The military's training is designed prevent questioning orders on the battlefield, but the vice chairman of the Joint Chiefs said Thursday that'll have to change if the Pentagon is to innovate and become more efficient.
Gen. Paul Selva said the military was working at encouraging people to question why things are done the way they are or why something is a best practice while still fostering the discipline required to follow orders from superiors in combat.
"That's not something we build into our fielded force because what we do on the battlefield is about the discipline that we need to bring violence to the enemy," Selva said at the Center for Strategic and International Studies. "We need to build back in, and continue to build into that process, this idea that the actual activity of military operations must be disciplined, but that doesn't mean we don't go back and look at and ask questions of how we do it better."
Selva also pushed back against the notion that innovating is not in the DNA of the military. Instead, he said service members are all taught to assess risk, so they must be convinced that an idea has a high chance of success before buying in.

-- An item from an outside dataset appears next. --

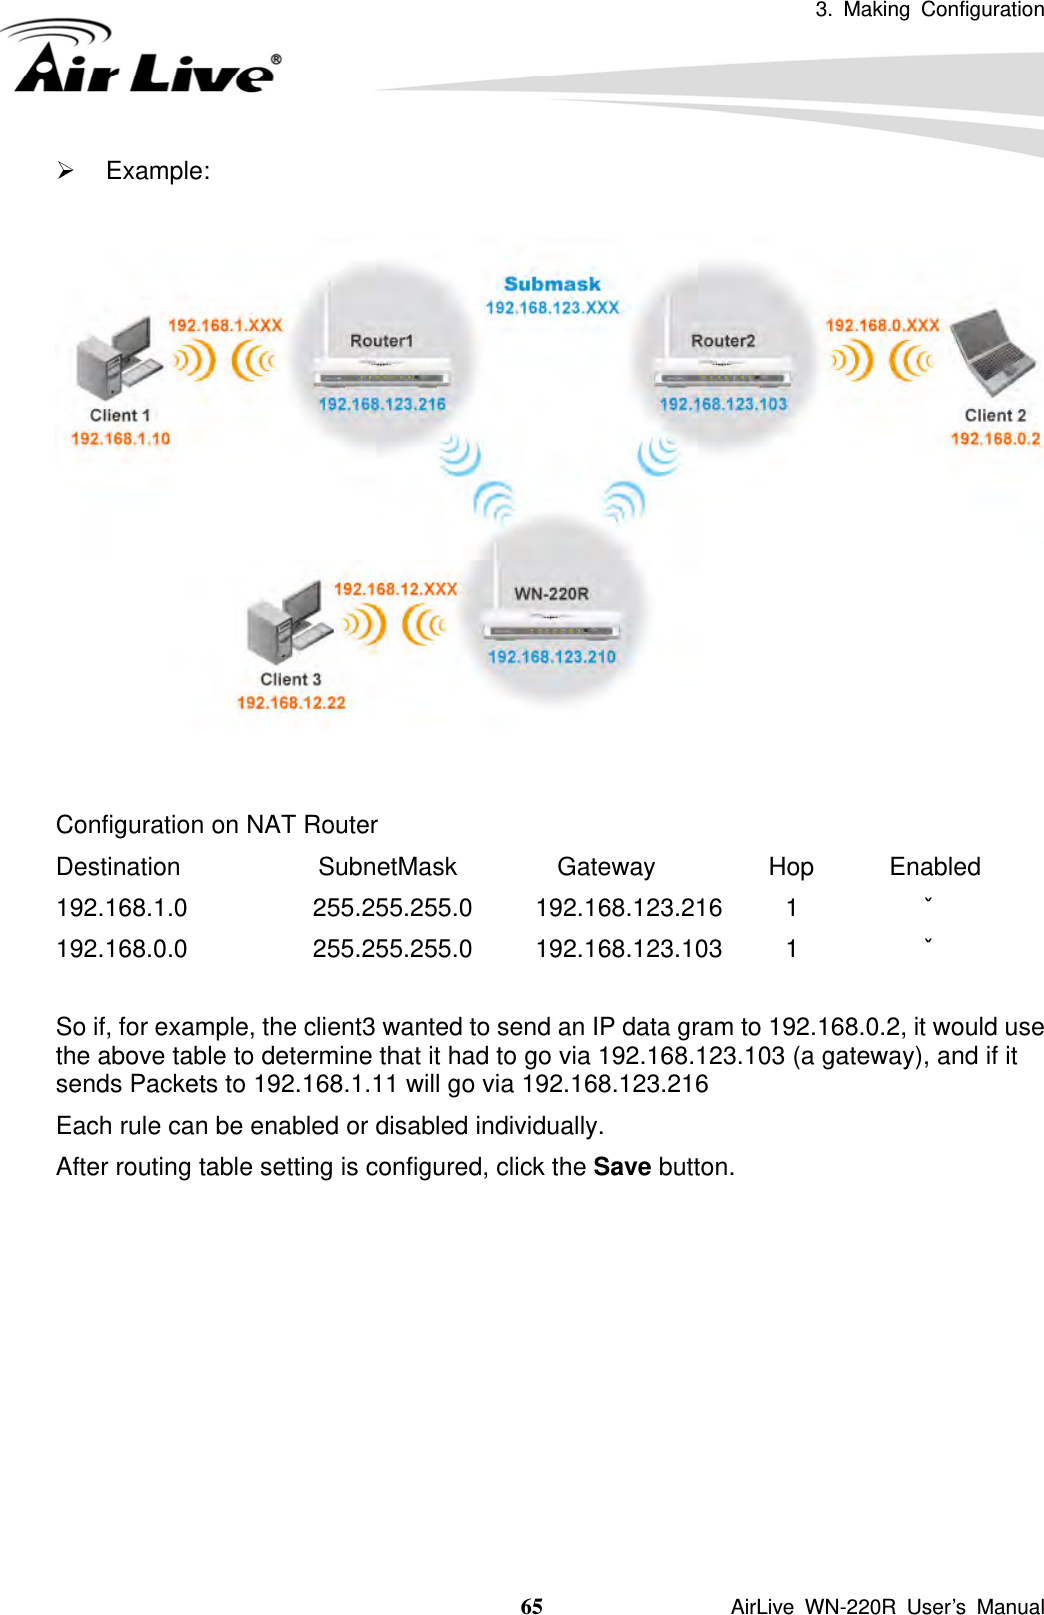 3. Making Configuration  65               AirLive WN-220R User’s Manual ¾ Example:     Configuration on NAT Router Destination           SubnetMask        Gateway         Hop      Enabled 192.168.1.0          255.255.255.0     192.168.123.216     1          ˇ 192.168.0.0          255.255.255.0     192.168.123.103     1          ˇ  So if, for example, the client3 wanted to send an IP data gram to 192.168.0.2, it would use the above table to determine that it had to go via 192.168.123.103 (a gateway), and if it sends Packets to 192.168.1.11 will go via 192.168.123.216 Each rule can be enabled or disabled individually. After routing table setting is configured, click the Save button.

"Are we a little careful? You bet. Does it keep us from changing the way we do business? Not even," he said.
Innovation has been a key priority in the Pentagon under Defense Secretary Ash Carter, who has pushed the Defense Department to build relationships with nontraditional partners and look for ways to work better with commercial companies. One of his key initiatives has been setting up innovation hubs in Silicon Valley and Boston to start conversations with innovators there.
Without speaking specifically about Carter's hub model, Selva stressed the need to work with the commercial sector, since most innovation is coming from there, unlike in the past where most of the research and development of new technologies began in government. He said many nontraditional partners would raise issues if asked to do business with the Pentagon, like being unable to accept a huge contract or just a lack of interest in being associated with the military. Selva said it's the Pentagon's job to "educate people" to overcome those barriers.
The Air Force general, who took over as vice chairman of the Joint Chiefs in July 2015, listed at his confirmation hearing the top five threats facing the country as Russia, China, Iran, North Korea and violent extremism. But since his appearance before the Senate, Selva said his view of these has "matured."
"They're not threats, they're challenges that we have to face not just today but over the course of the next several decades," he said.